(Task objective)
From the material below, please set down exactly the lines starting with the one with "epa07747197 A photograph" and going on through the one with "Review of the", without a single picture.

(Collected material)
┌──

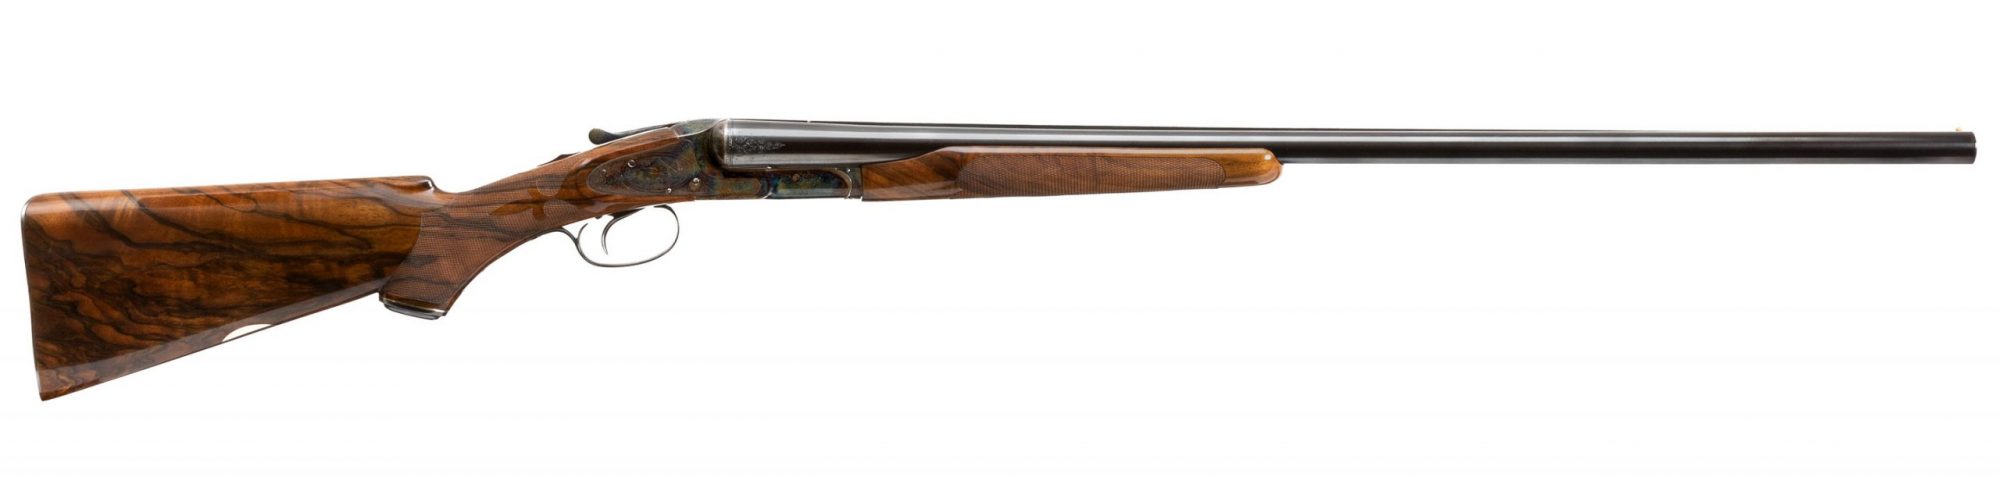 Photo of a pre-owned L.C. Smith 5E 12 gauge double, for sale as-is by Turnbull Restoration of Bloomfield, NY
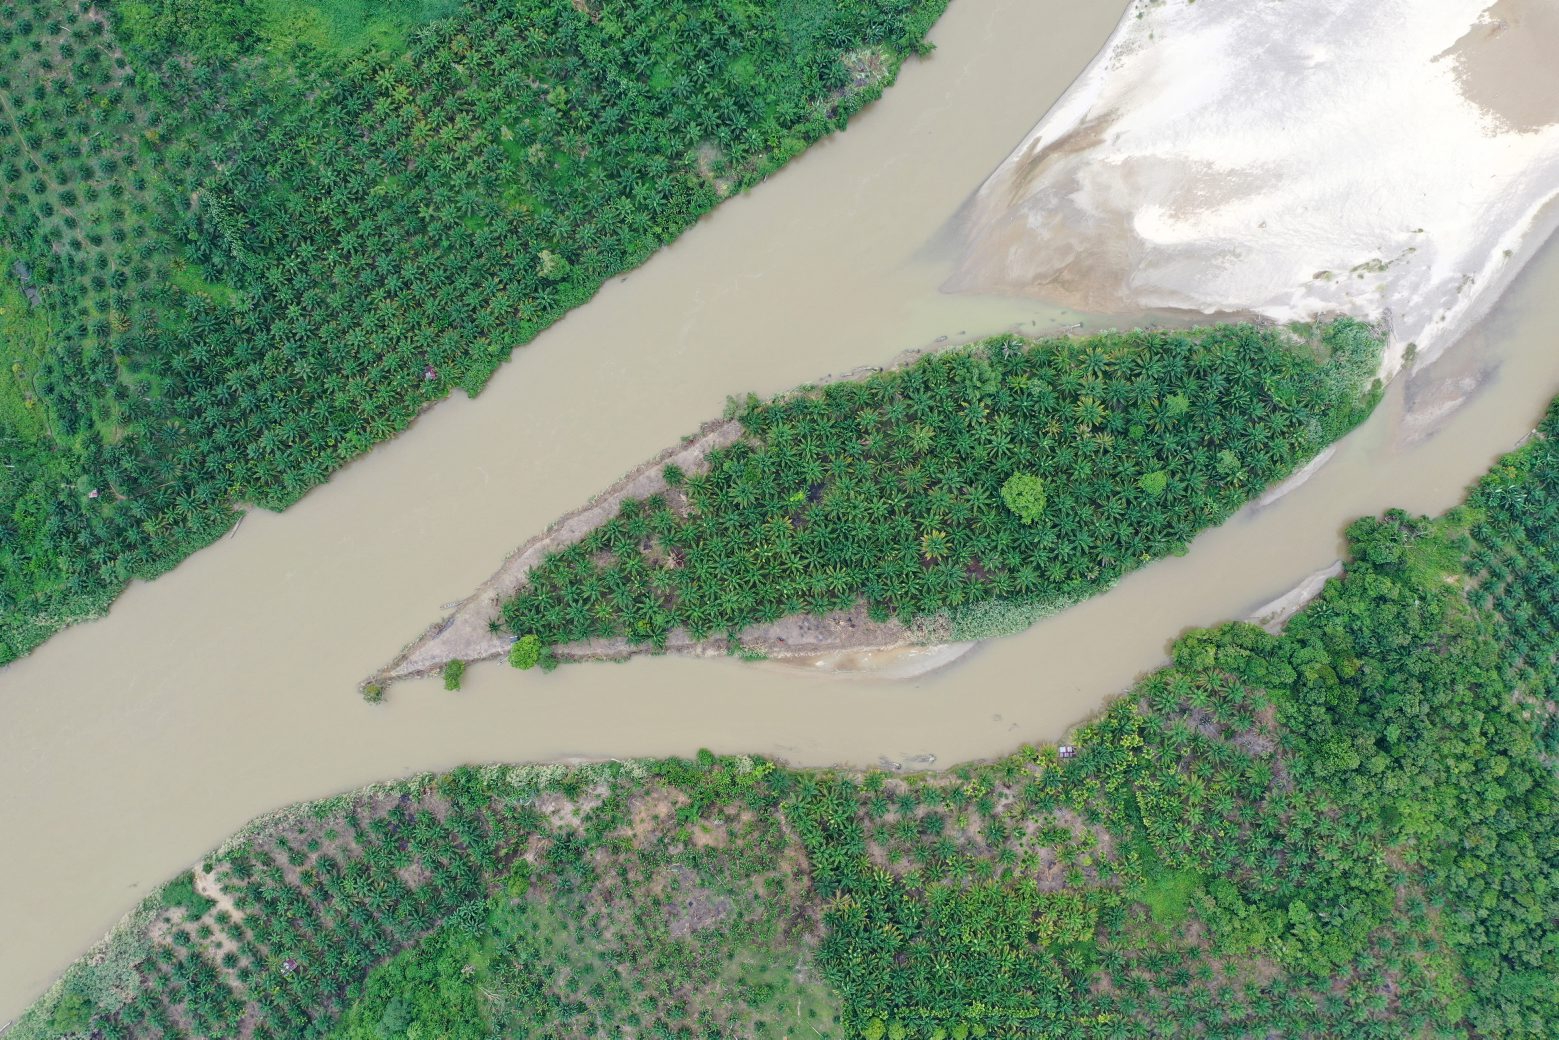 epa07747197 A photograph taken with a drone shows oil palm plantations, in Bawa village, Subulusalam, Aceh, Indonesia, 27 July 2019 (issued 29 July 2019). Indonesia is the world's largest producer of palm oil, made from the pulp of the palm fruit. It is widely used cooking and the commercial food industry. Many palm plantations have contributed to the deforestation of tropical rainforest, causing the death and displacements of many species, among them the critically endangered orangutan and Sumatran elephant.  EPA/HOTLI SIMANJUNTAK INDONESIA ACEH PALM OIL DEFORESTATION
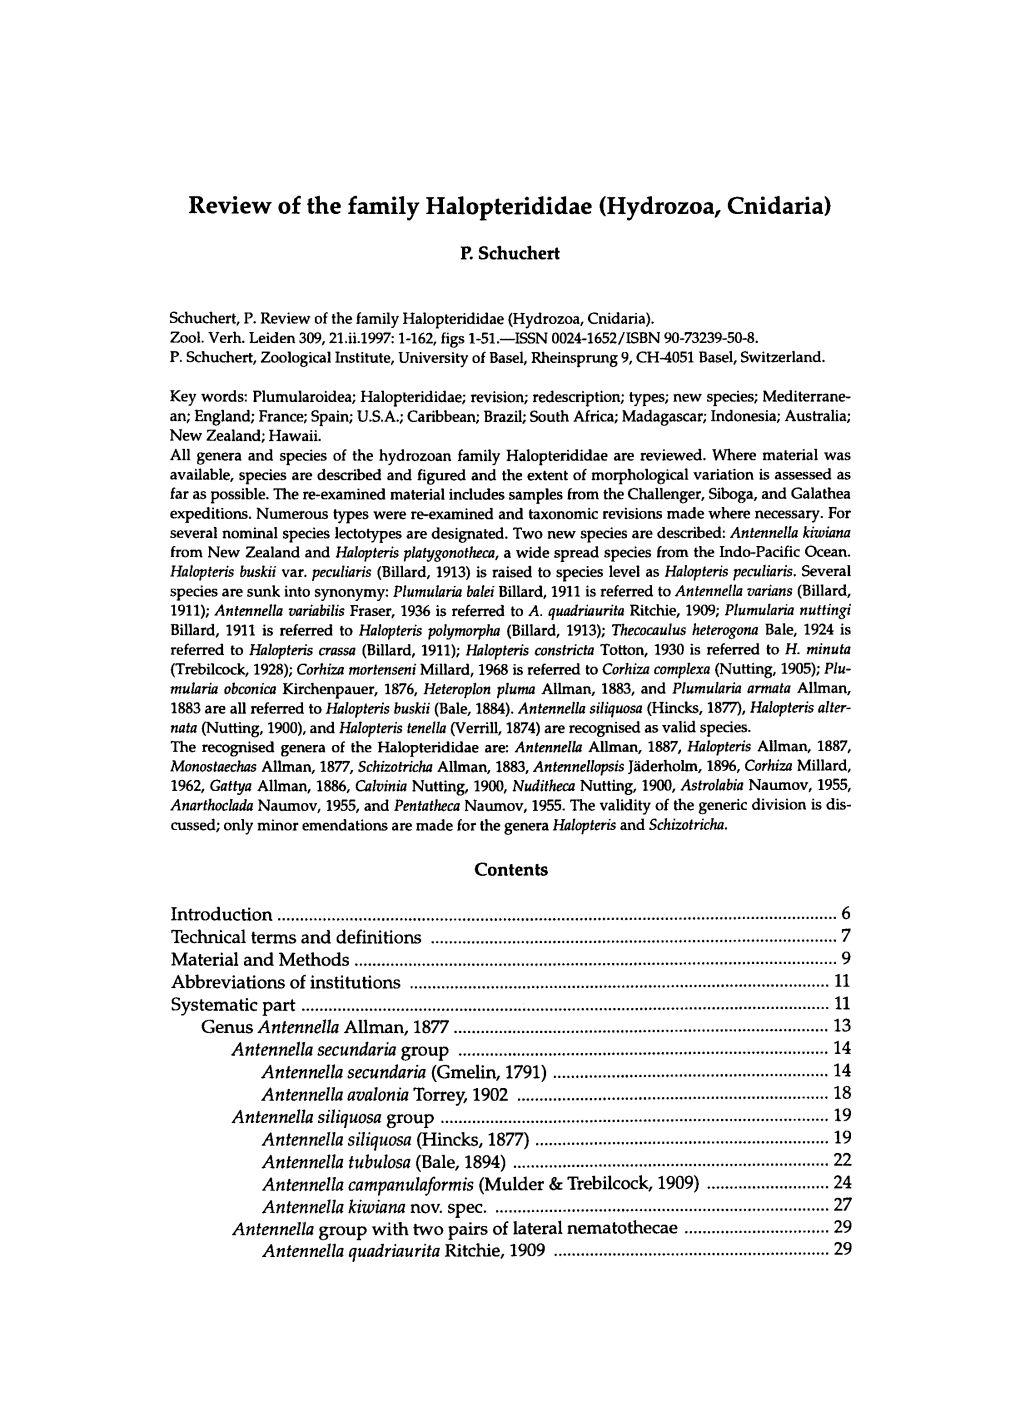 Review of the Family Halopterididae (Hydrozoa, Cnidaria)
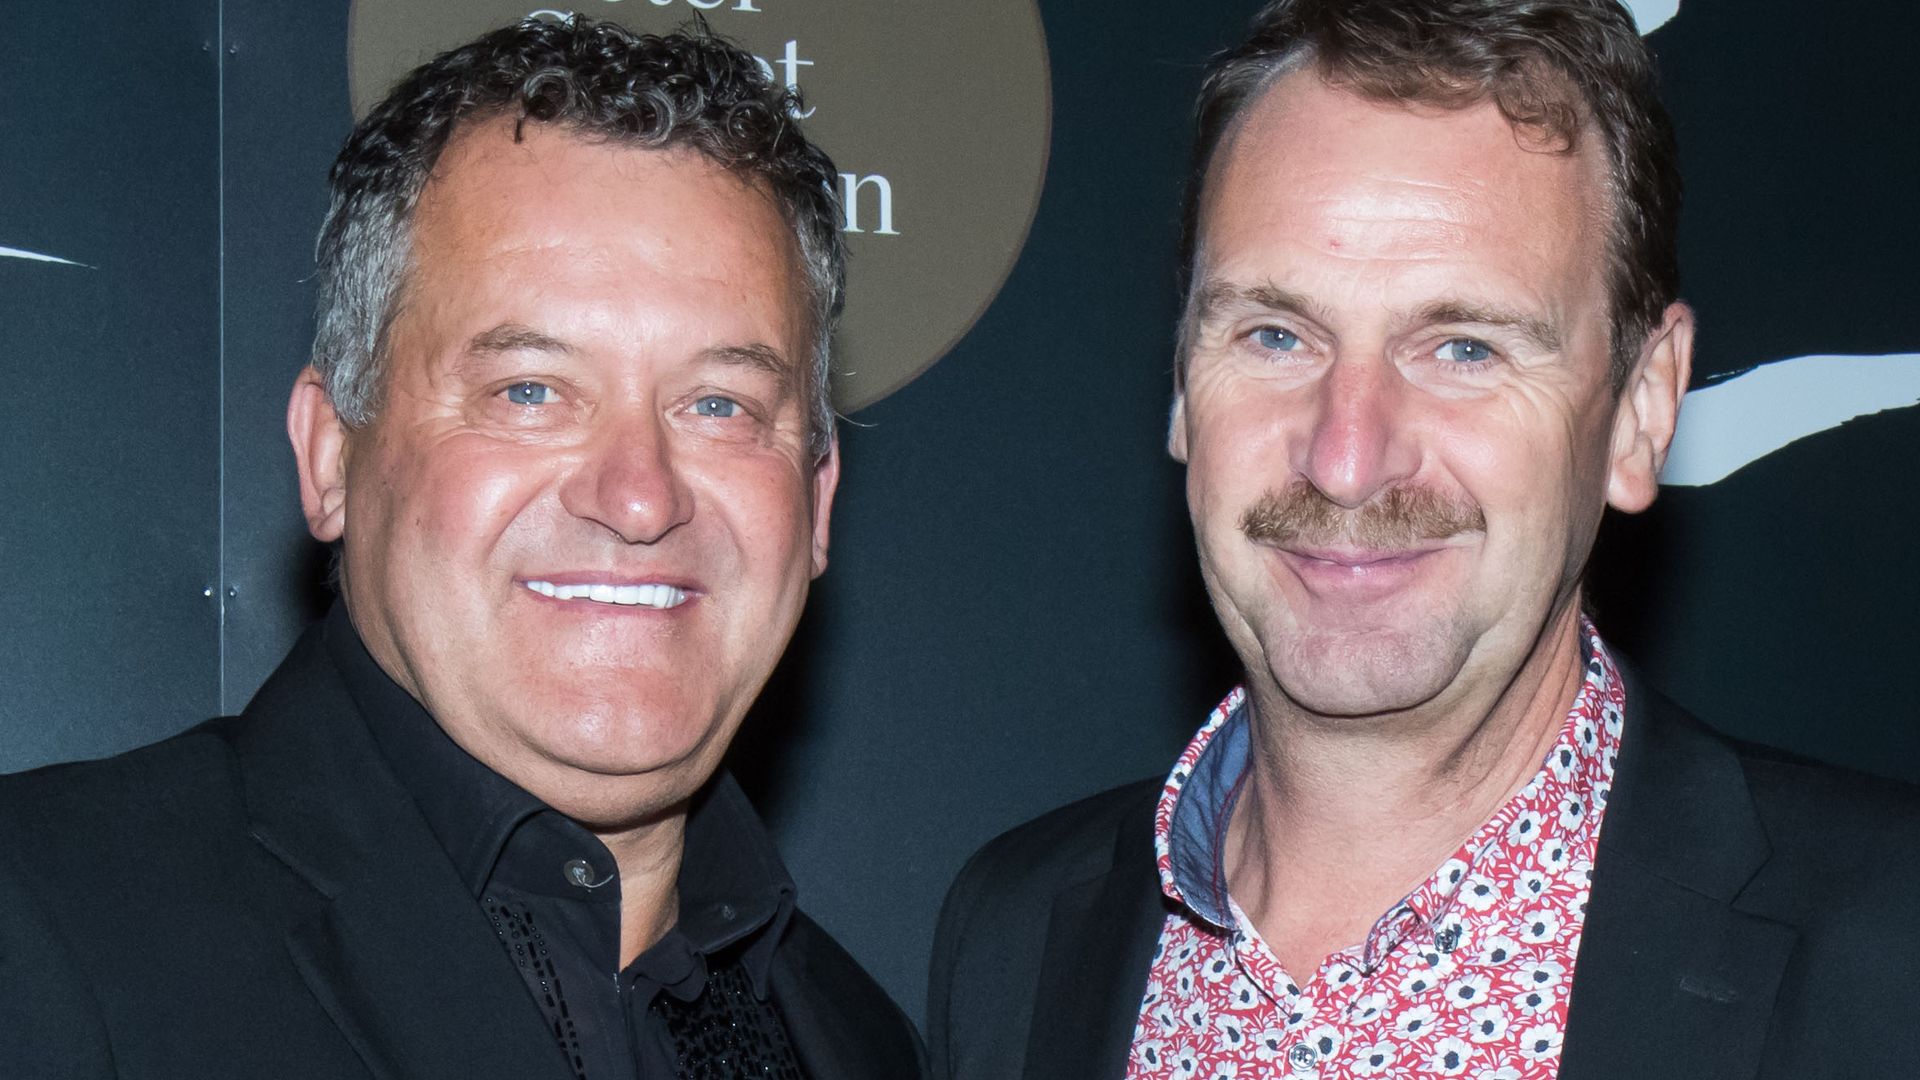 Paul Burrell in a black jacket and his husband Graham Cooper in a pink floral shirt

└──

(Your solution)
 epa07747197 A photograph taken with a drone shows oil palm plantations, in Bawa village, Subulusalam, Aceh, Indonesia, 27 July 2019 (issued 29 July 2019). Indonesia is the world's largest producer of palm oil, made from the pulp of the palm fruit. It is widely used cooking and the commercial food industry. Many palm plantations have contributed to the deforestation of tropical rainforest, causing the death and displacements of many species, among them the critically endangered orangutan and Sumatran elephant.  EPA/HOTLI SIMANJUNTAK INDONESIA ACEH PALM OIL DEFORESTATION
 Review of the Family Halopterididae (Hydrozoa, Cnidaria)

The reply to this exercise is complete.